What this task involves:
A faithful copy of the data, pictures omitted, is the required answer.

Input data:

-------------------------

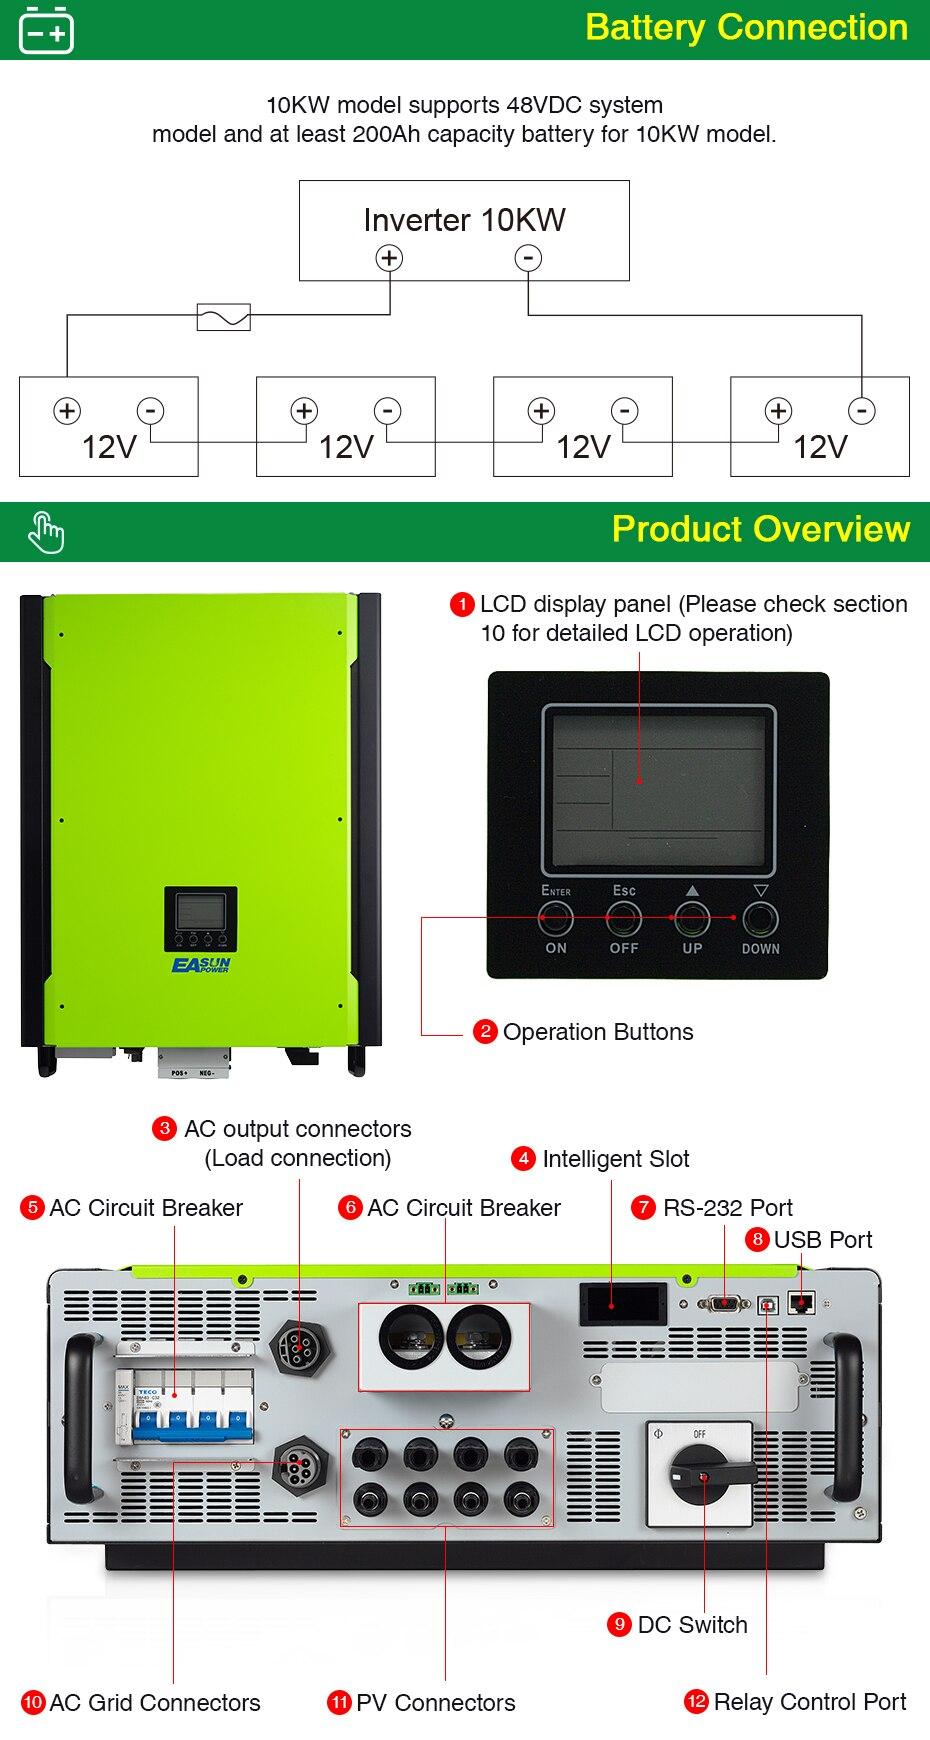 EASUN POWER 10KW Solar Inverter 48V 380V Grid Tie Inverter 3 Phase On Grid Off Grid Inverter With Max Solar Power 14850W MPPT_04
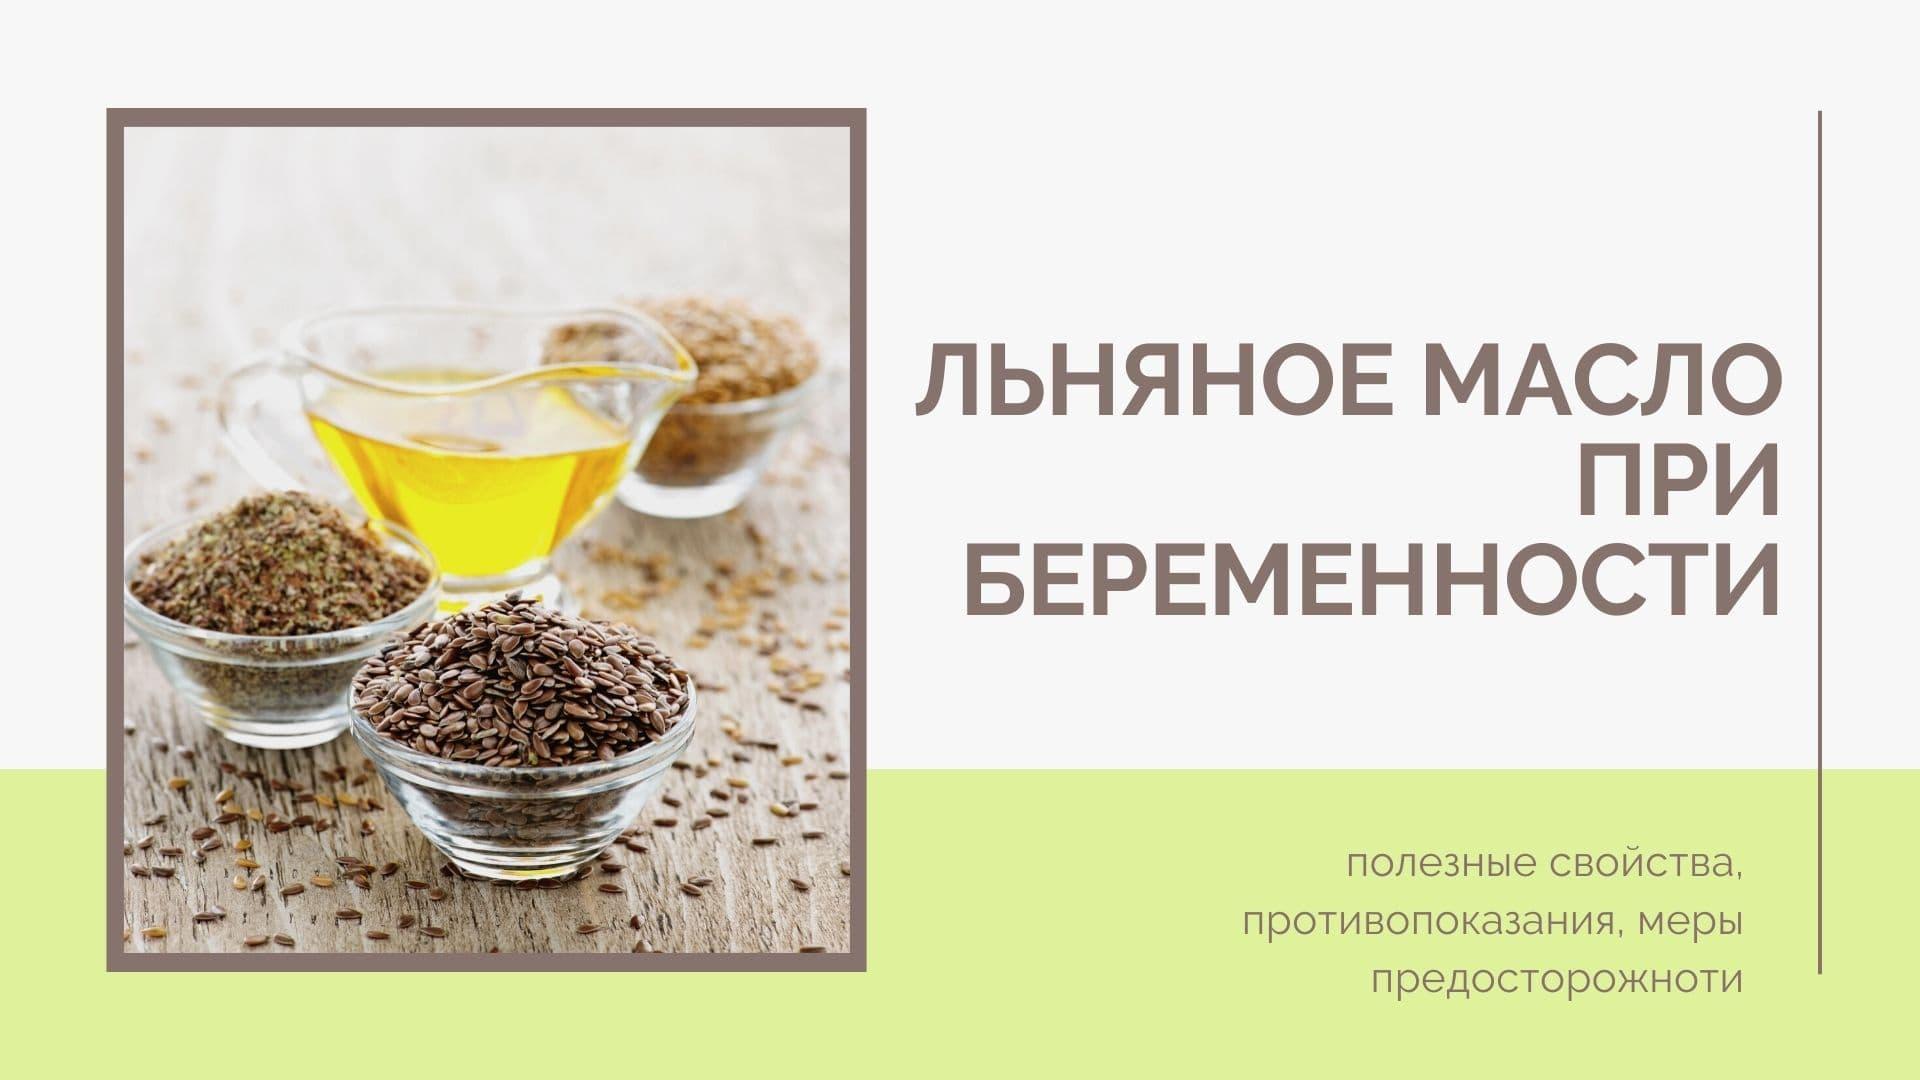 Льняное масло при беременности: полезные свойства, противопоказания, меры предосторожноти
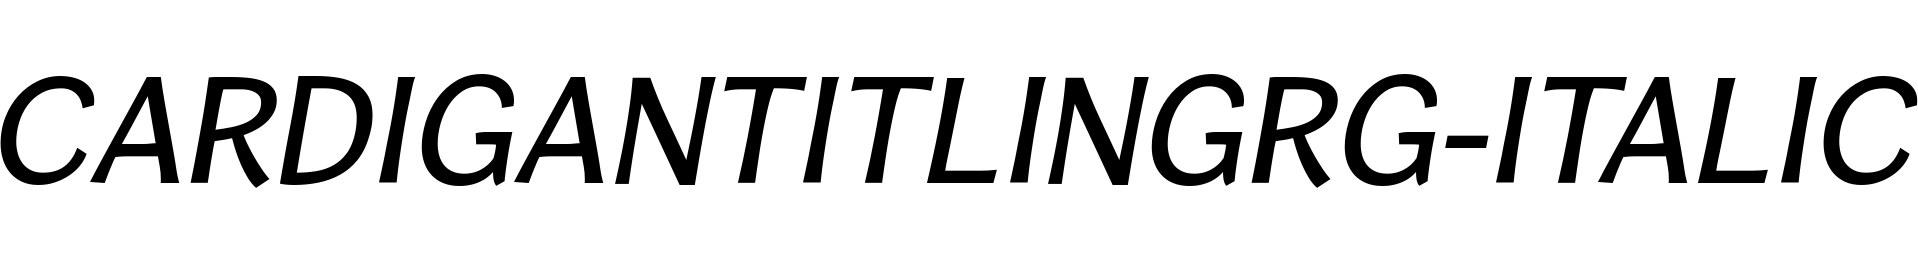 CardiganTitlingRg-Italic
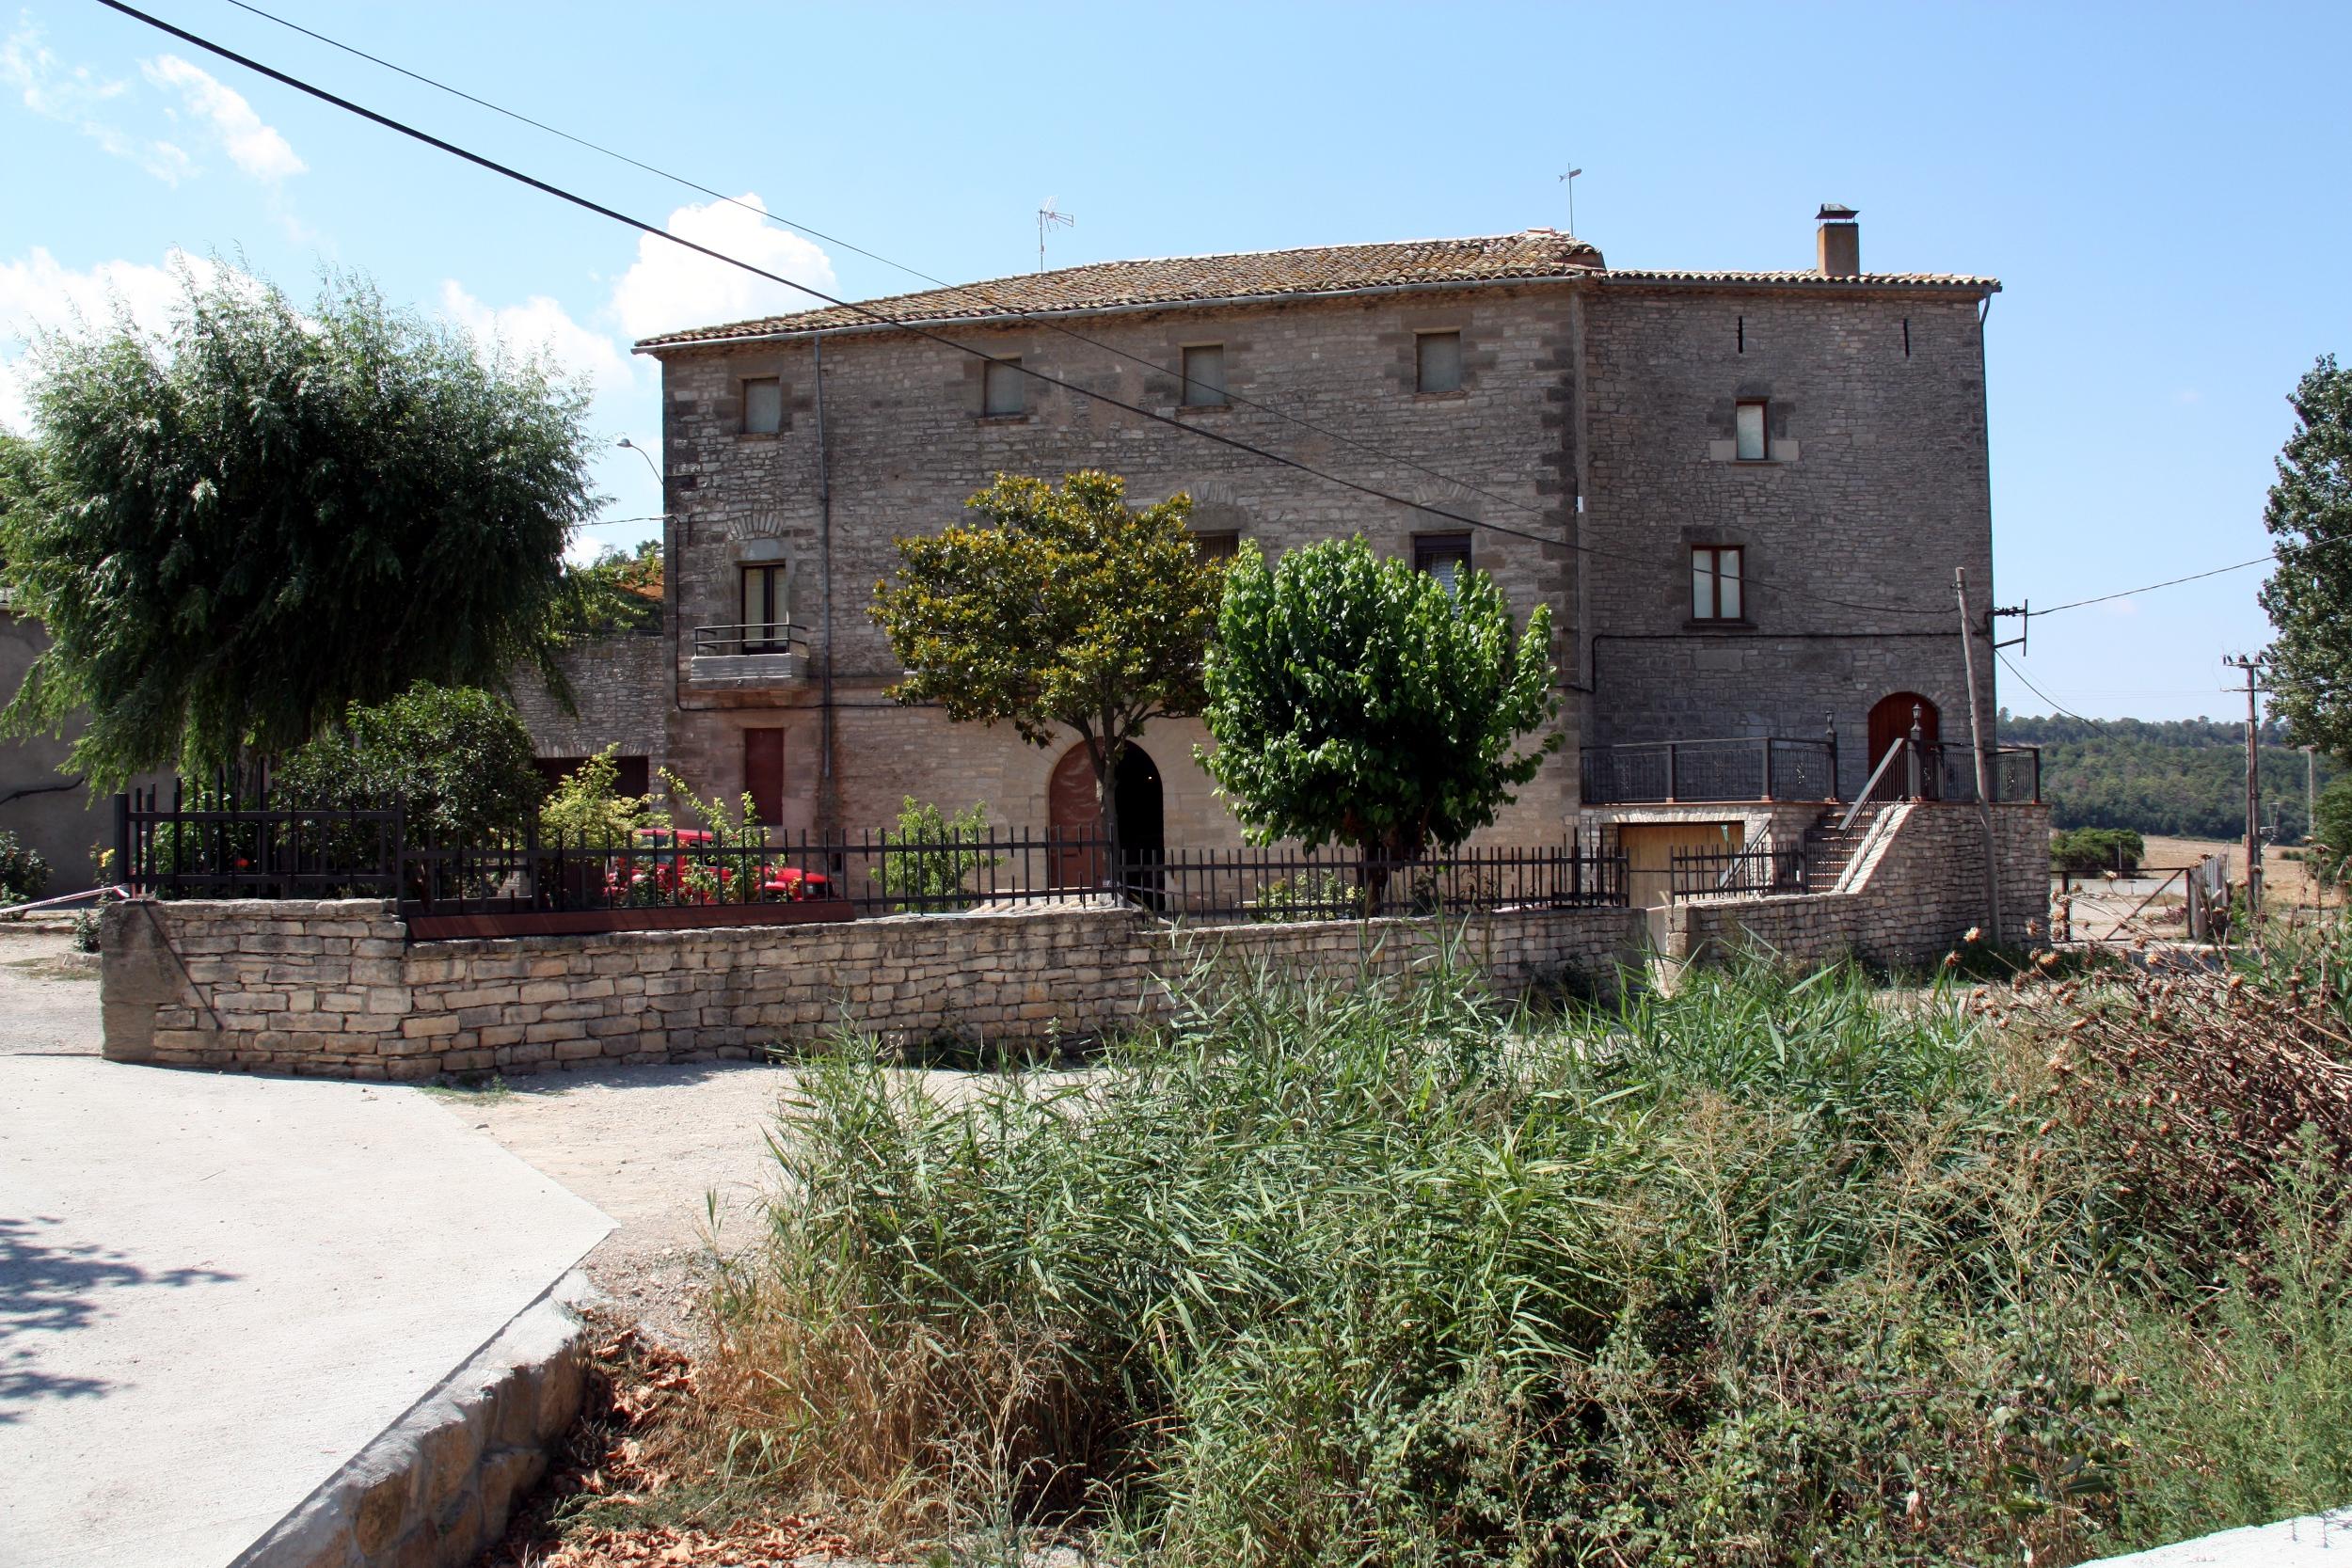 A judici quinze persones vinculades amb dos assalts violents en una masia de la Segarra l'any 2013

-------------------------

Answer box:
 EASUN POWER 10KW Solar Inverter 48V 380V Grid Tie Inverter 3 Phase On Grid Off Grid Inverter With Max Solar Power 14850W MPPT_04
 Льняное масло при беременности: полезные свойства, противопоказания, меры предосторожноти
 CardiganTitlingRg-Italic
 A judici quinze persones vinculades amb dos assalts violents en una masia de la Segarra l'any 2013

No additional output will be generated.